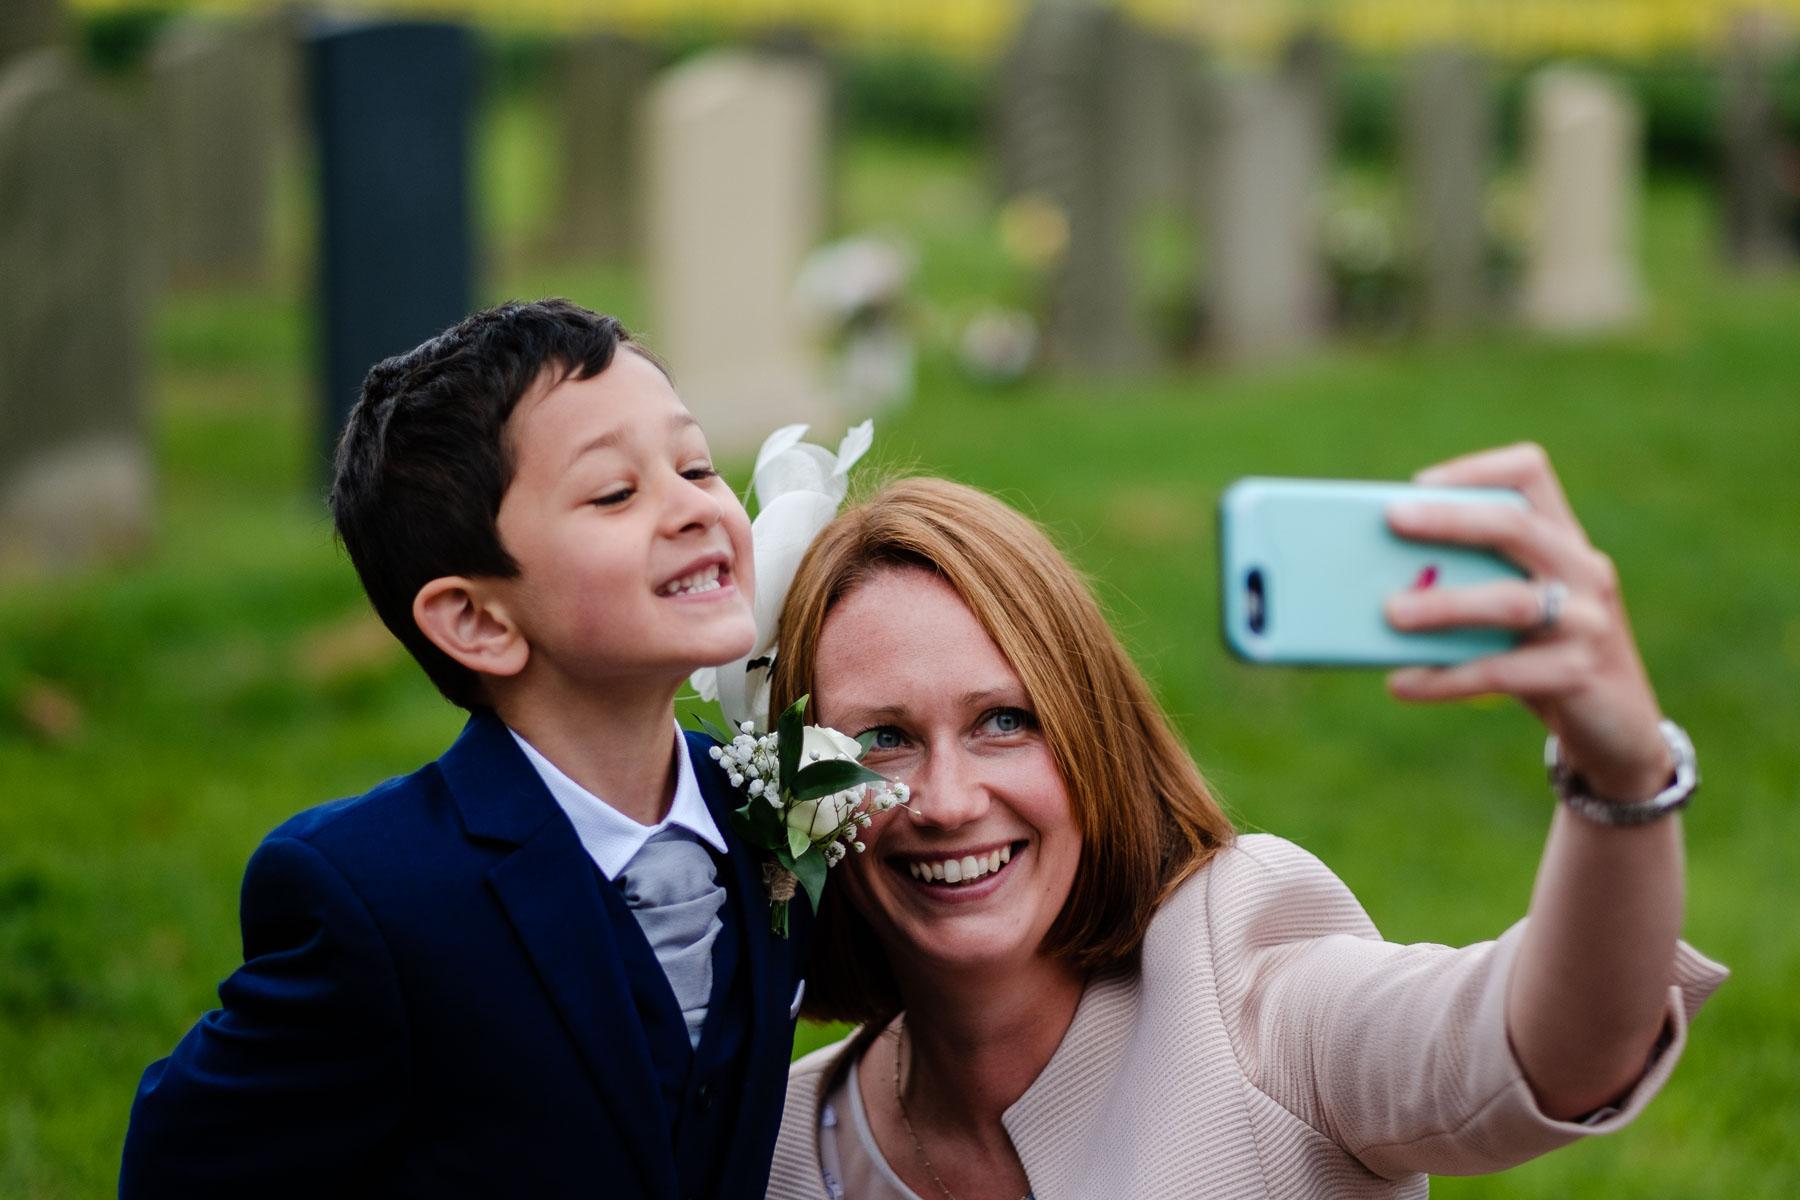 Crathorne Hall Wedding Photography - Jo & Paul (140).jpg
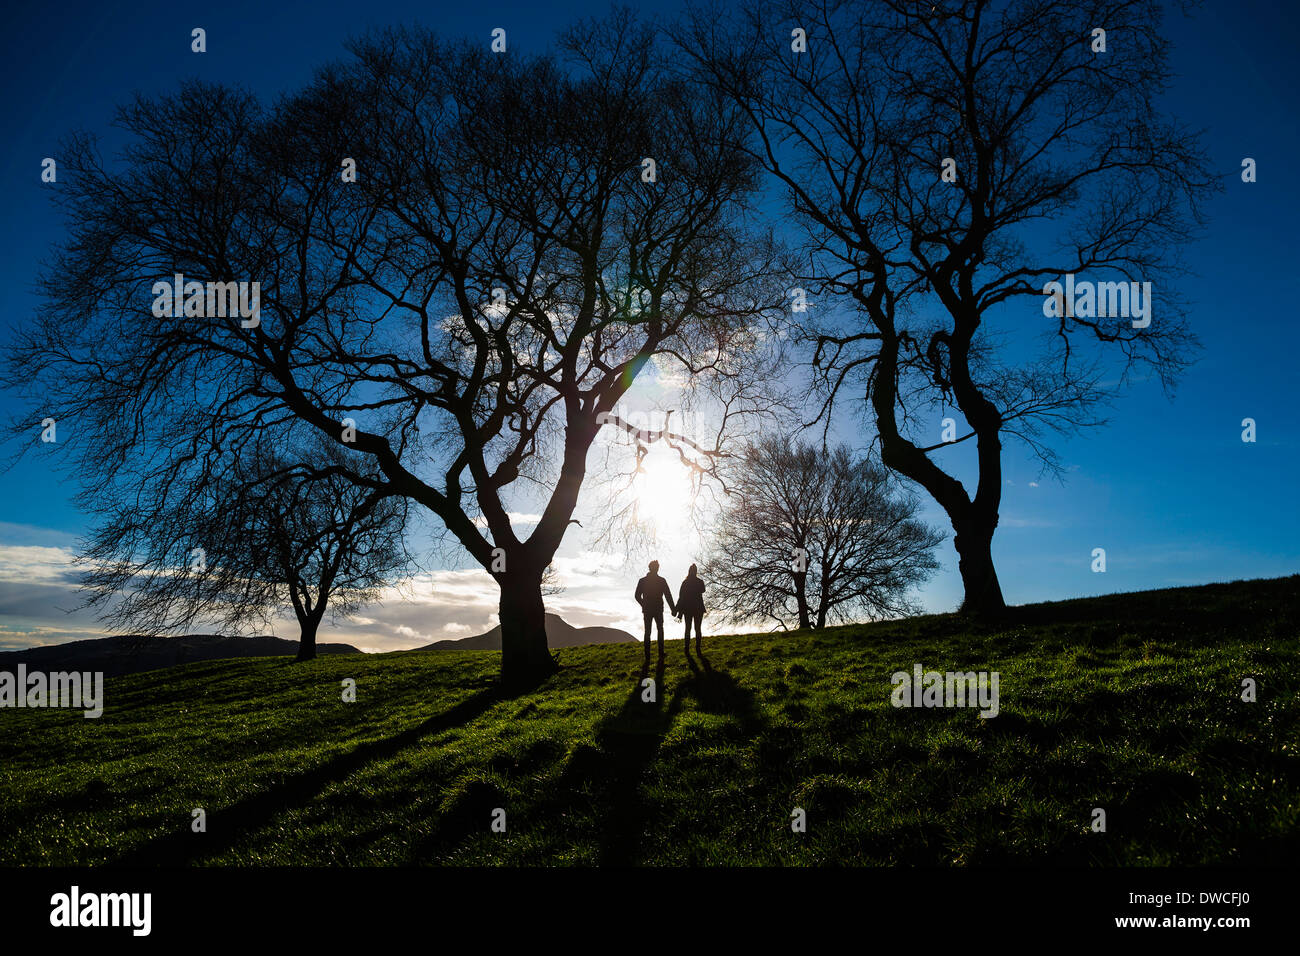 Una joven pareja que mantenga las manos sobre Calton Hill en Edimburgo, capital de Escocia. Imagen De Stock
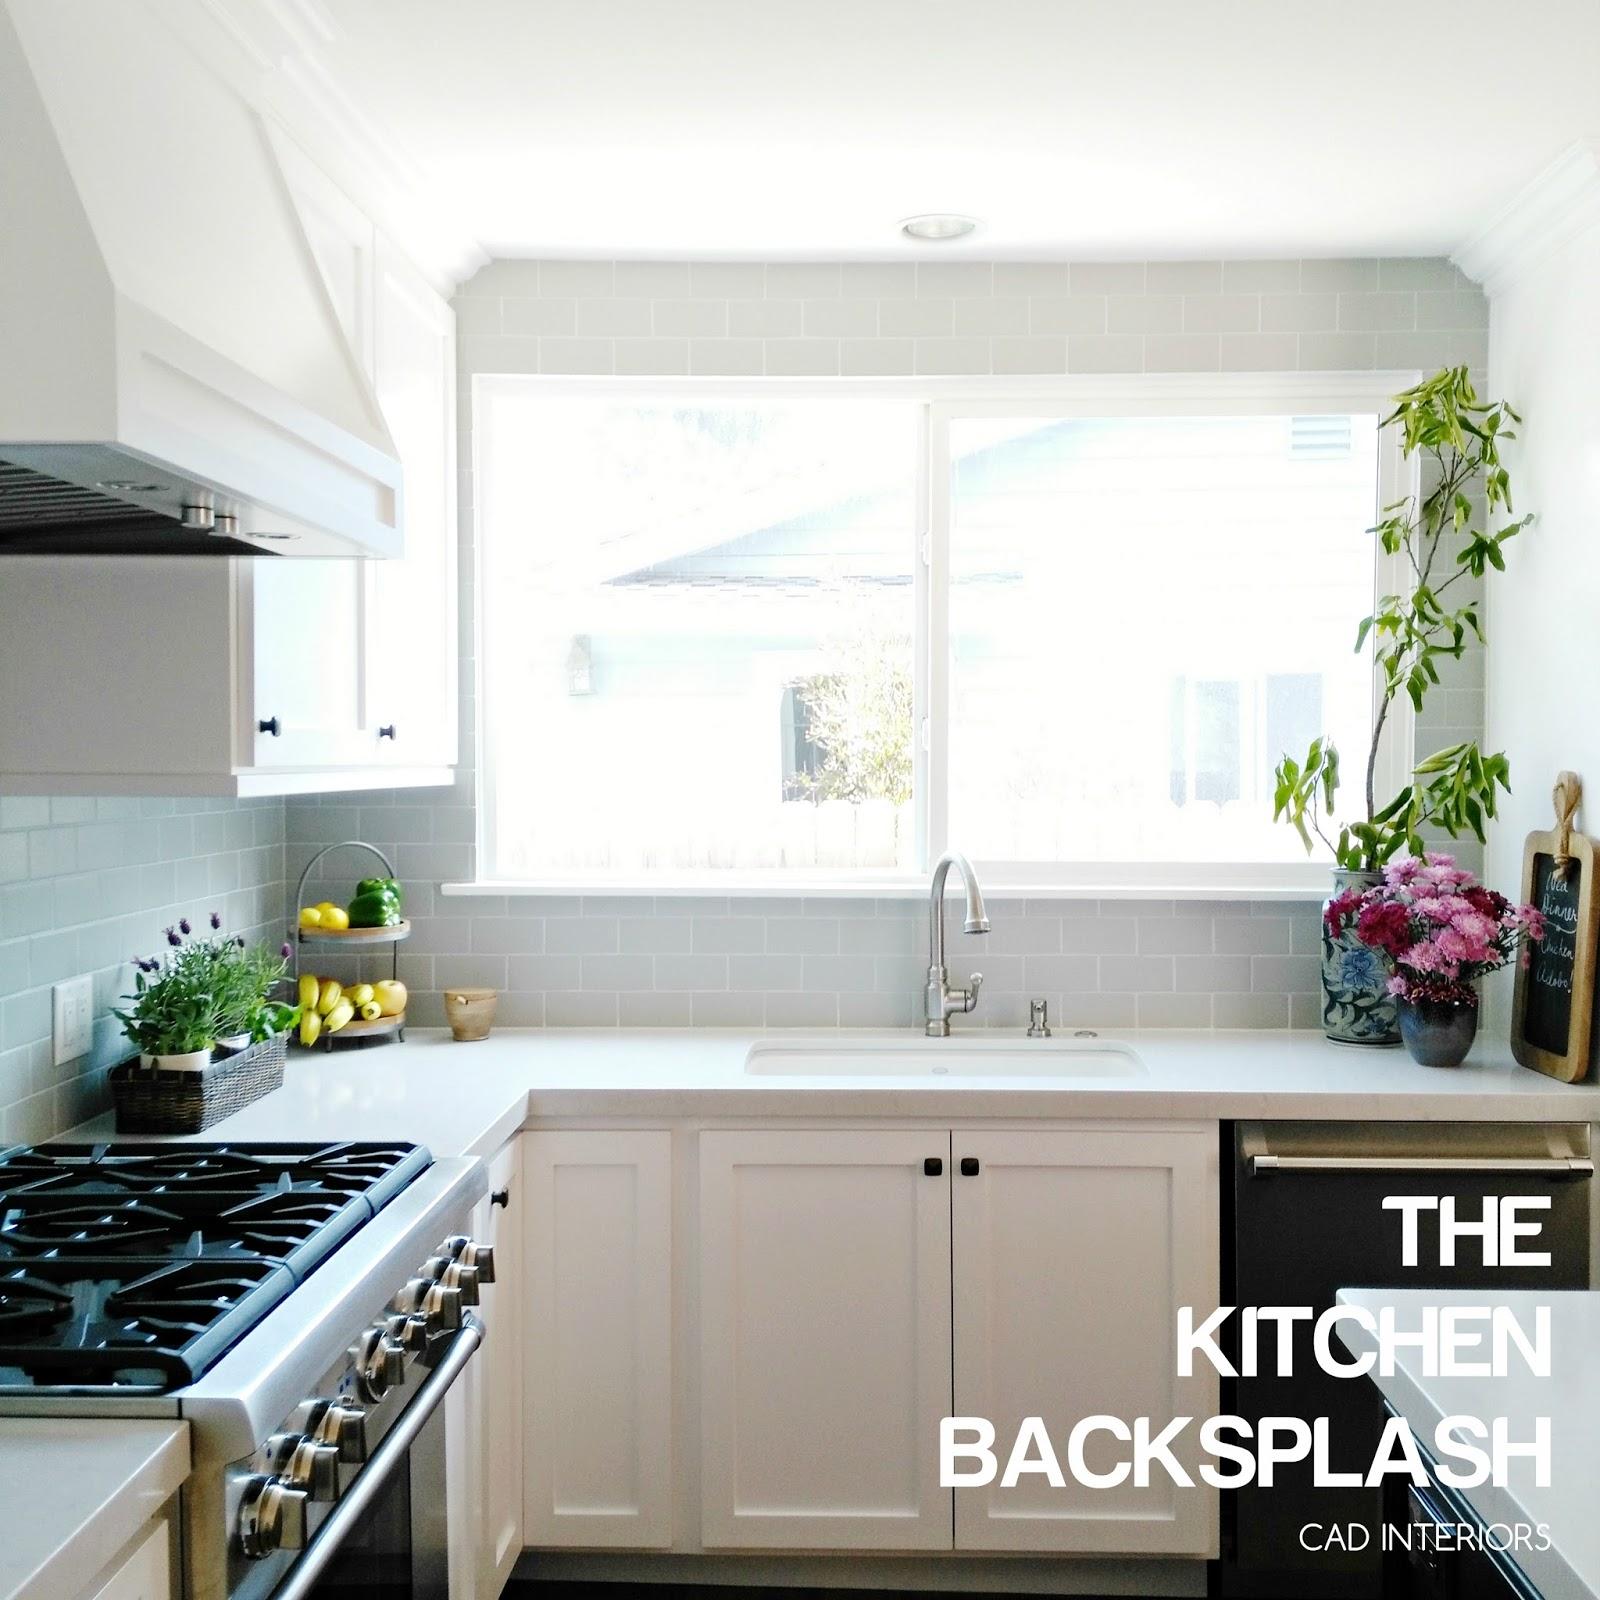 kitchen backsplash installing kitchen backsplash ceramic subway tile backsplash modern classic farmhouse kitchen design

Try it: All of the material goes into the answer exactly as it stands, except for the pictures.

Completed exercise:
 Crathorne Hall Wedding Photography - Jo & Paul (140).jpg
 Una joven pareja que mantenga las manos sobre Calton Hill en Edimburgo, capital de Escocia. Imagen De Stock
 kitchen backsplash installing kitchen backsplash ceramic subway tile backsplash modern classic farmhouse kitchen design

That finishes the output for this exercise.